Friends – once again, the universe has taught us that it’s folly to try to make predictions about cannabis policy and politics. It has also once again taught us that cannabis stock prices, which plummeted this morning most likely because of the failure of Florida’s adult-use ballot initiative, are almost entirely uncorrelated to reality. Umglich bindt tsunoif (“misfortune binds together”).
So, we’ve learned our lesson - these Cannabis Musings are going to stick to analysis and gratuitous wordplay. In particular, yesterday’s curious news that U.S. operator Green Thumb Industries has effectively taken over troubled ancillary company, Agrify Corp. Listed on the Nasdaq, Agrify, a cultivation products and services company that has been in distress for some time now, recently disclosed that it was out of money. Enter GTI, which has made a $20 million secured convertible loan to Agrify – one-year term, 10% interest rate (accruing, not cash-pay), first lien on Agrify assets, convertible into Agrify common stock at $3.158 per share (about the price of Agrify’s stock right before the deal was announced – it’s trading at about $4.20 per share this morning on the news). You can read the note in all of its simple glory (often, you have to dig beyond the press release to get the facts).
What makes this really interesting is that, reportedly, GTI bought an undisclosed amount of Agrify stock and warrants from CEO Raymond Chang and Director I-Tseng Jenny Chan (there will likely be a public ownership filing in the next few days offering details), Chang resigned (with a $1 million severance payment), Chan left the board, GTI appointed three board members (including GTI CEO, Ben Kovler, and another GTI employee), and Kovler took over as Interim CEO.
That’s a lot of work for a shtikel of a company. So, why would GTI buy out (or in part) the CEO (who owned about half of the stock) and take over management/board control? Well, most of the chatter in reporting, on social media, and in conversations I’ve had is that GTI is positioning itself for a Nasdaq listing. GTI, like a number of other U.S. operators, uses GAAP accounting and complies with SEC reporting (which it had to start doing in 2020 because, even though its stock is traded on a Canadian exchange, SEC rules require public reporting by a foreign company (the parent is a Canadian entity) that has more than 50% of its voting stock held by U.S. residents), so it’s ready for when the U.S. exchanges are. But they’re not because, well, federal law.

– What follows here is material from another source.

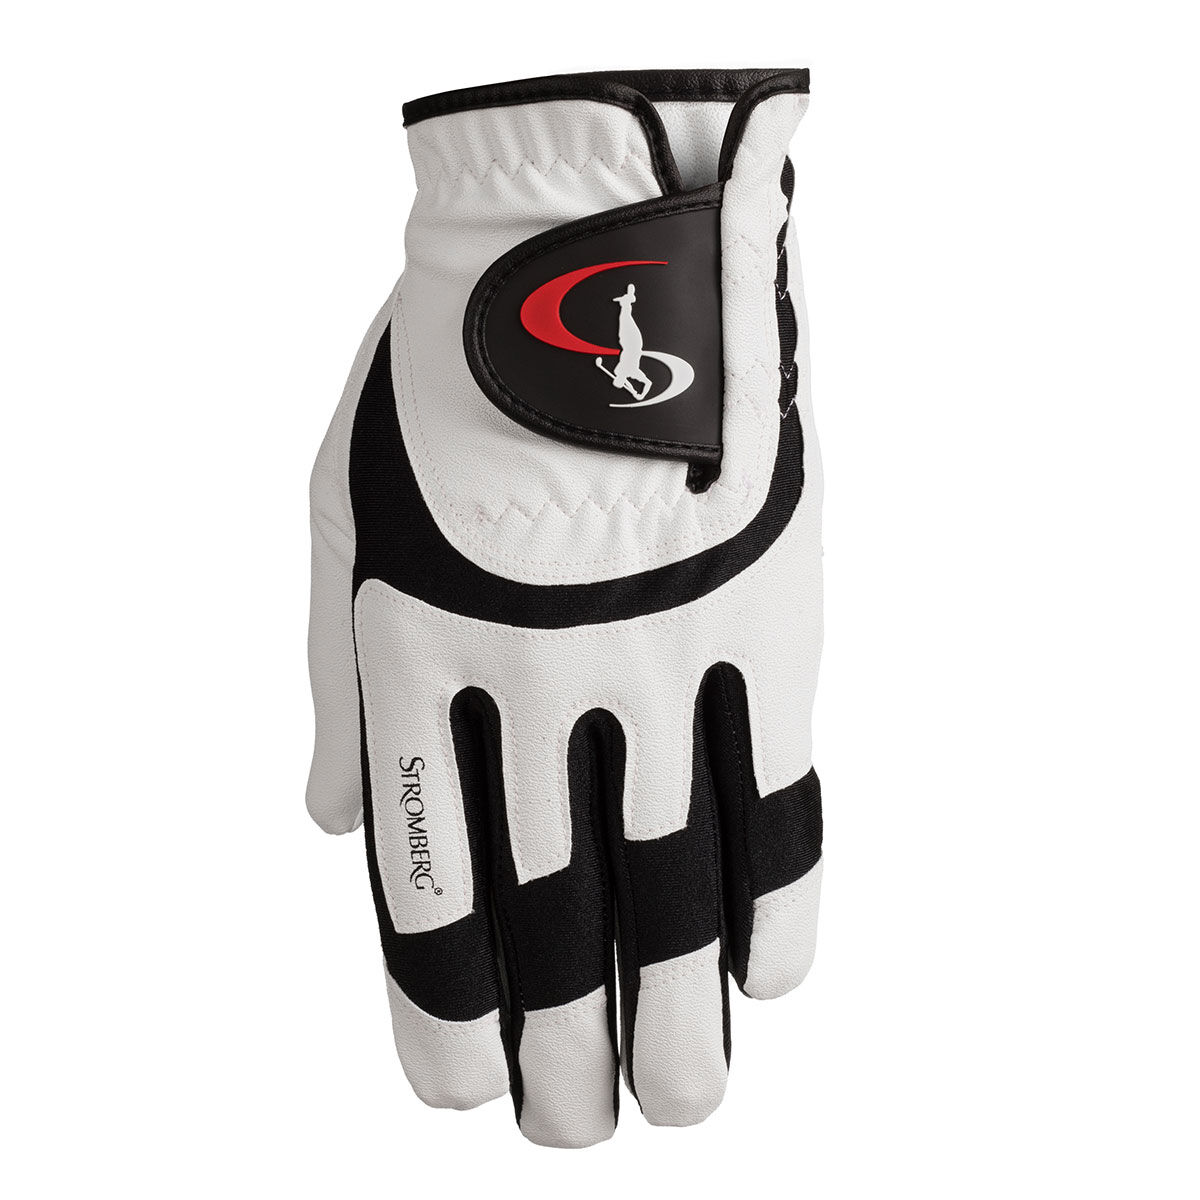 Lot de 3 gants premium toutes saisons Stromberg, homme, Left hand, Small, White/black  | Online Golf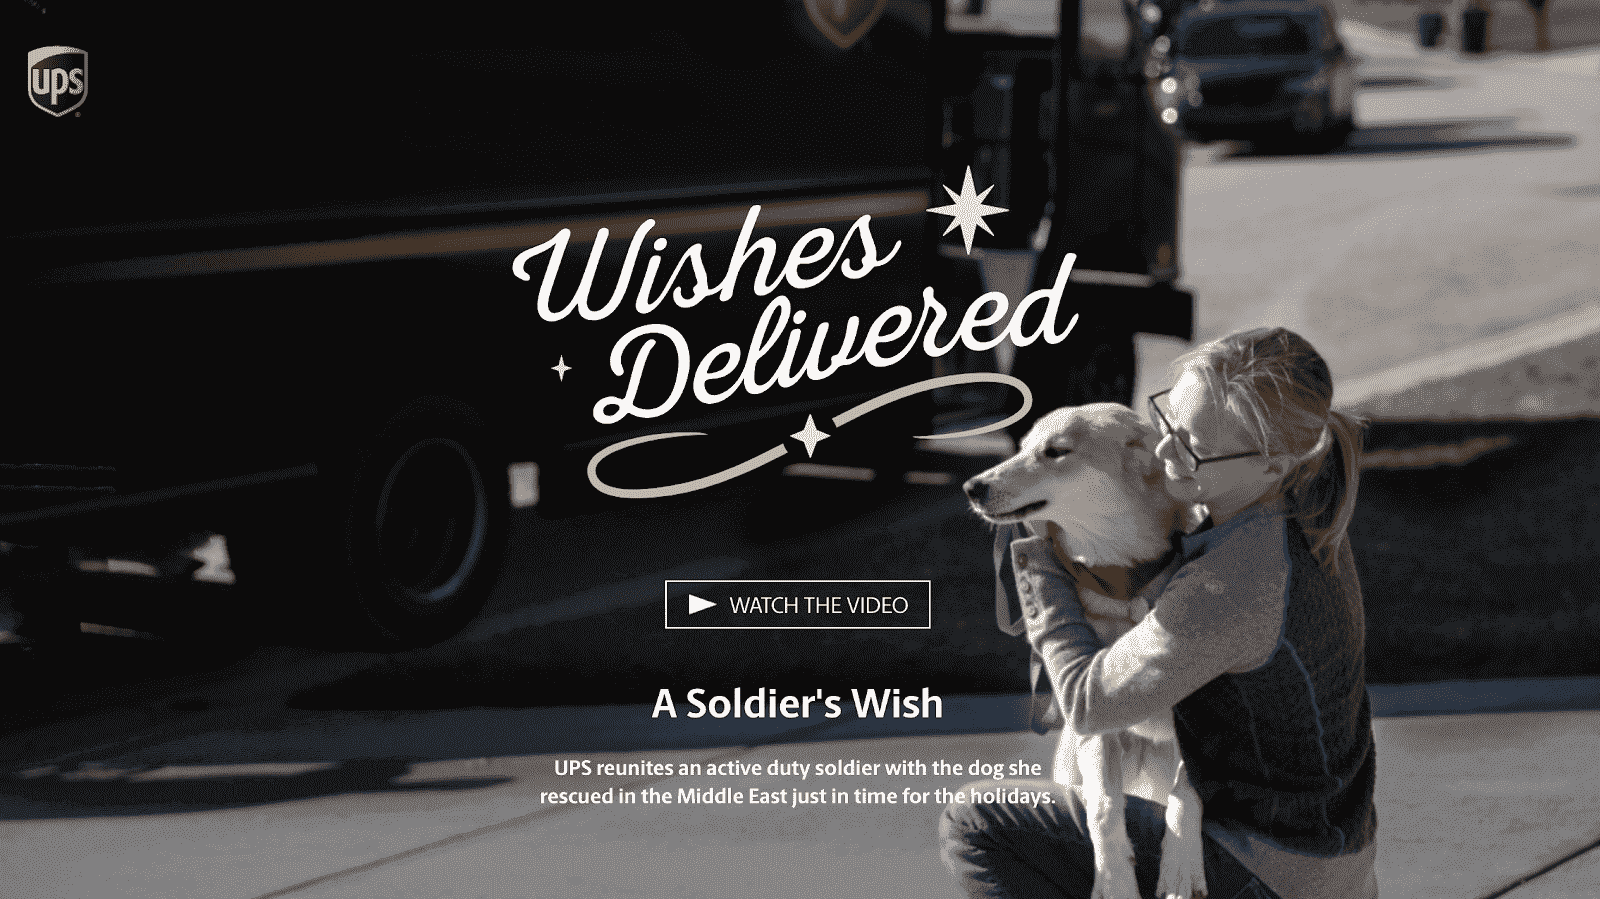 UPS - Wishes Delivered

The theory going around is that:
The DEA reschedules cannabis early next year (and maybe Congress passes SAFE® in the lame duck session).
The Nasdaq mellows out about that pesky Controlled Substances Act and allows U.S. operators to list.
GTI reverse merges into Nasdaq-listed Agrify, so now the GTI business is totally within the Agrify “shell”.
Agrify (which now owns GTI) changes its name to Green Thumb Industries.
GTI (née Agrify) now enjoys a U.S. exchange listing.
Closing dinner at Lou Malnati’s.
I don’t buy it, for two reasons. First, I don’t think that rescheduling effectively changes the level of risk as perceived by U.S. exchanges. They’re aware that the practical reality is that the risk of enforcement, particularly for an ancillary business (like an exchange would be) is already quite low (not legal advice, but I know this from firsthand experience), and yet they’re still not willing to take the risk. Rescheduling to III wouldn’t really move the needle on that practical risk (because it’s already so low), nor would it change legality at all. In short, it won’t make a difference.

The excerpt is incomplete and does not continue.